General in the Italian Army during World War II

Giuseppe Tellera (March 14, 1882 - February 7, 1941) was a general in the Italian Army during World War II.

== Italian Tenth Army ==
On 23 December 1940 General Tellera took over the command of the Italian Tenth Army from Lieutenant General Italo Gariboldi. The Tenth Army was then trying to stop the British Operation Compass, which had begun 9 December with the Attack on Nibeiwa.

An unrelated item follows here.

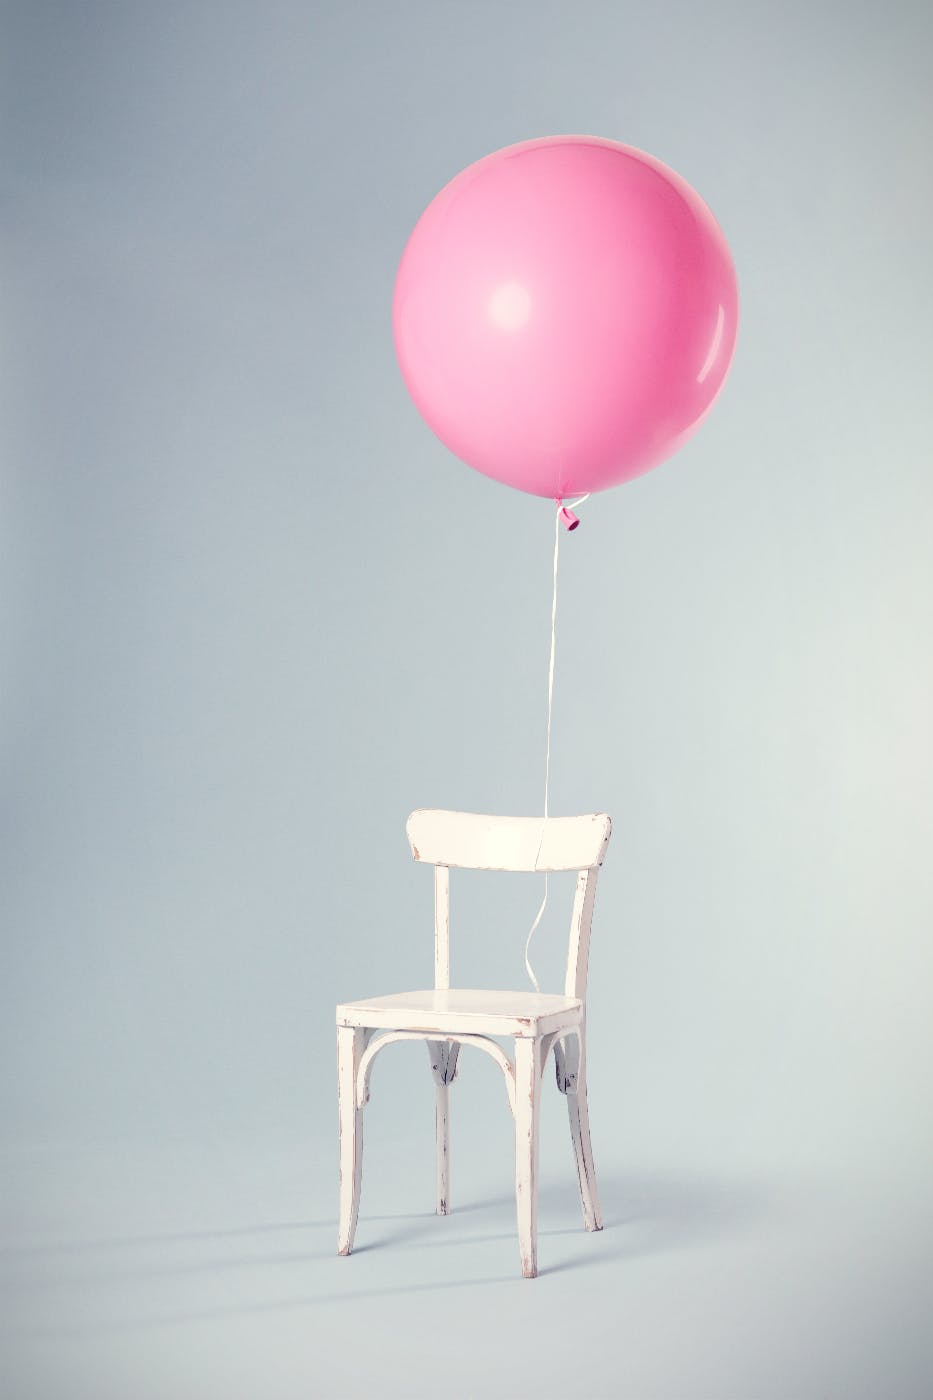 A pink baloon tied to a white chair

At the beginning of the offensive, the Tenth Army consisted of four Army Corps with nine divisions and two brigade-sized armored groups, but by 23 December, the 1st Libyan Division, the 2nd Libyan Division, the 4th CC.NN. Division "3 Gennaio" and the Maletti Group had been destroyed at the Battle of Sidi Barrani. Also, the 1st CC.NN. Division "23 Marzo", the 2nd CC.NN. Division "28 Ottobre", the 62nd Infantry Division "Marmarica", the 63rd Infantry Division "Cirene" and remnants of the 64th Infantry Division "Catanzaro" were encircled at Bardia. That left Tellera with only the 61st Infantry Division "Sirte" and the Babini Group.

Tellera, who had served as a staff officer during the First World War on the Italian front and been the Chief of Staff under General Balbo and Graziani, set out to build up a defence with whatever reinforcements that he received. The 61st Infantry Division "Sirte" was sent to garrison Tobruk, and the rest of the units remained near Gazala. After the British had captured Bardia and Tobruk, Tellera ordered the newly-arrived 60th Infantry Division "Sabratha" to set up a defensive line between Derna and Al Qubbah, and the Special Armored Brigade took up positions at Mechili.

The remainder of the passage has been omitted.